Dan Walters: Two issues put California House seats in crosshairs
11/19/2013 12:00 AM
11/19/2013 12:45 AM
Two sagas have dominated national politics this year – the federal government’s partial shutdown because of a partisan stalemate and the very rocky launch of the national health care program.
The first, polls indicate, damaged Republicans’ image among voters while the second has driven President Barack Obama’s approval rating sharply downward.
Both parties, therefore, will enter the 2014 congressional campaigns with political baggage, although at the moment, at least, the health care imbroglio appears to be having more impact on the national consciousness.
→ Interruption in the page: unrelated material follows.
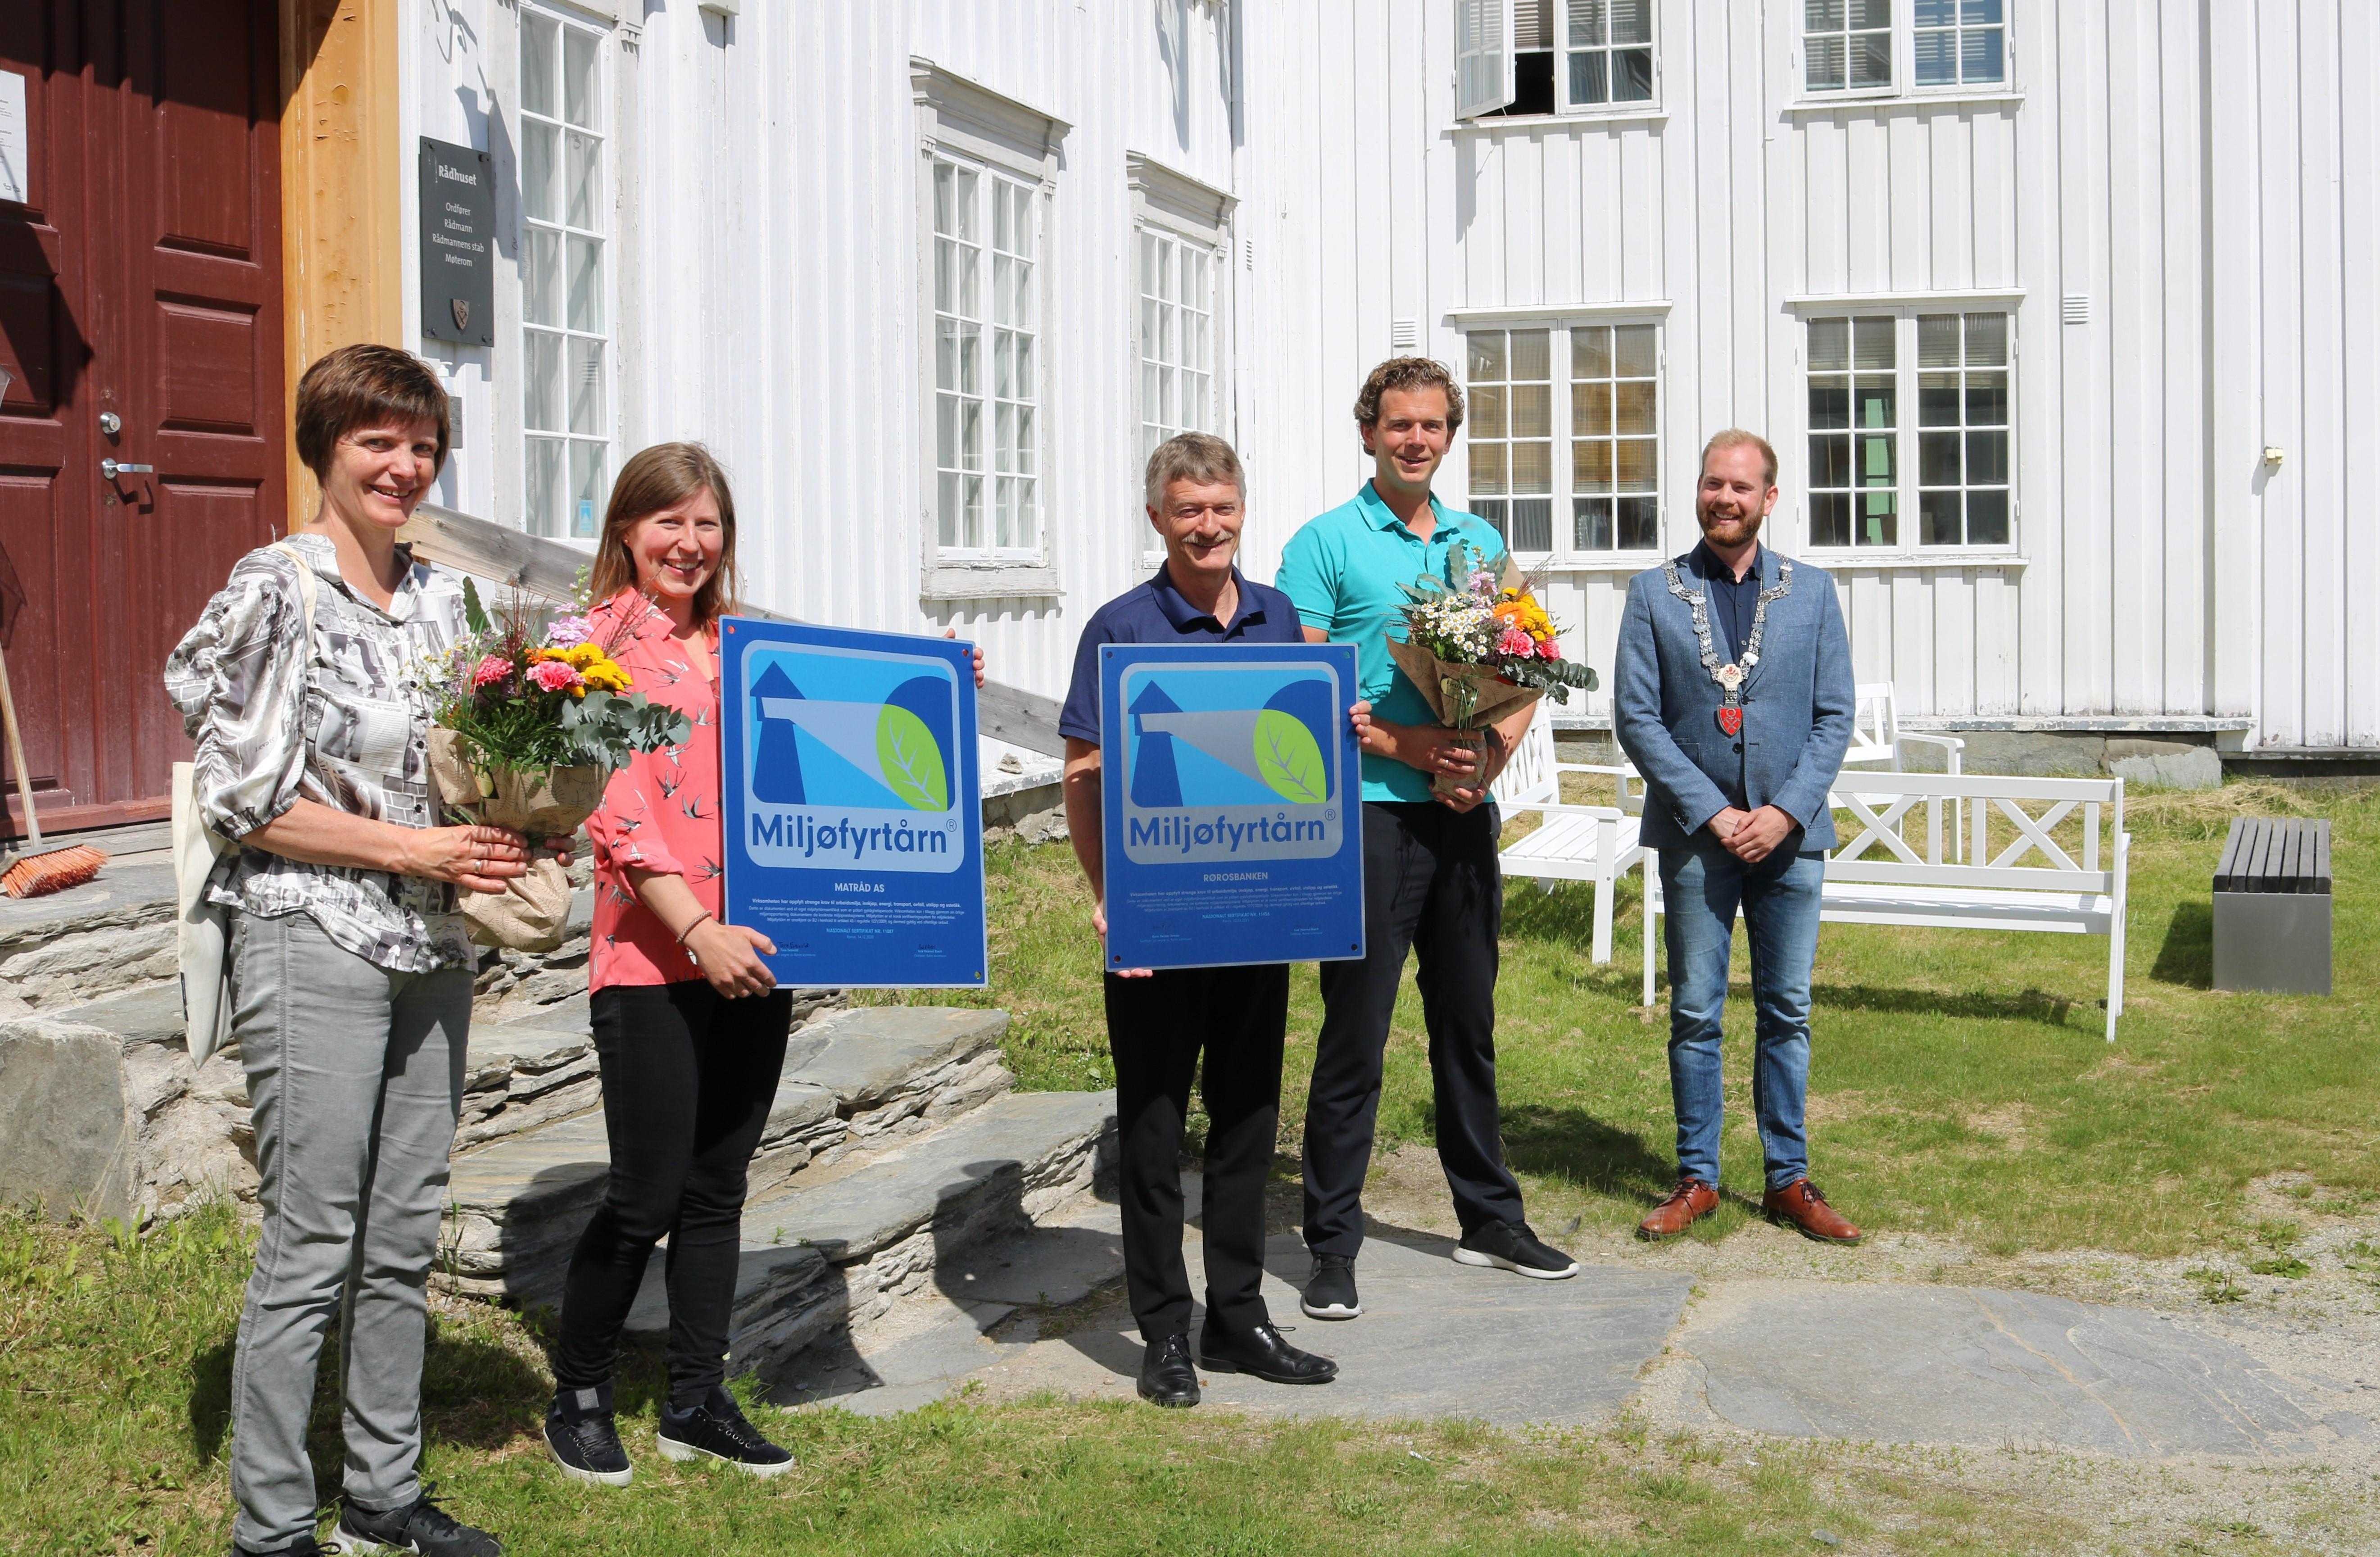 Rørosbanken og Matråd er sertifisert som miljøfyrtårn

There’s no California Senate election next year, but the state has the nation’s largest congressional delegation, saw a big turnover in House seats in 2012 – largely because of new districts drawn by an independent commission – and will have an unusually large number of targeted seats in 2014.
More than a half-dozen California seats are in the cross hairs of strategists in both parties, and their propaganda machines are running in high gear, trying to tie the targeted incumbents to the two dominant issues.
The Democratic Congressional Campaign Committee is trying to pin the government shutdown on three Republicans it sees as vulnerable, Jeff Denham of Turlock, David Valadao of Hanford and Gary Miller of Diamond Bar.
The Republican campaign apparatus, meanwhile, is concentrating its health care fire on first-term Democrats Ami Bera of Elk Grove, Julia Brownley of Santa Monica, Raul Ruiz of Palm Desert and San Diego’s Scott Peters.
Obviously, too, party strategists are raising money and planning defensive campaigns for their vulnerable incumbents.
All of the targets occupy seats with close voter registration margins, which make them potentially vulnerable, especially in an off-year election when voter turnout will likely be much lower than it was in the 2012 presidential election.
Challengers are being recruited and groomed against all of those targeted incumbents, and the political and personal records of would-be challengers themselves are being scrutinized for campaign ammunition.
Meanwhile, a few other seats are being watched for signs of potential vulnerability, especially those of Democrats who supported the Affordable Care Act with their votes or their voices.
There are also rumbles that immigration reform – or its lack – could emerge as a major issue. The latter is why two of the three targeted Republicans, Denham and Valadao, have bucked their party on the immigration issue.
With no Senate race on tap next year and with Democrats virtually guaranteed to win all statewide offices – including governor – the congressional races could be the state’s most important political arena next year. And their outcomes could conceivably play a role in determining control of the House and thus the tenor of the last two years of Obama’s presidency.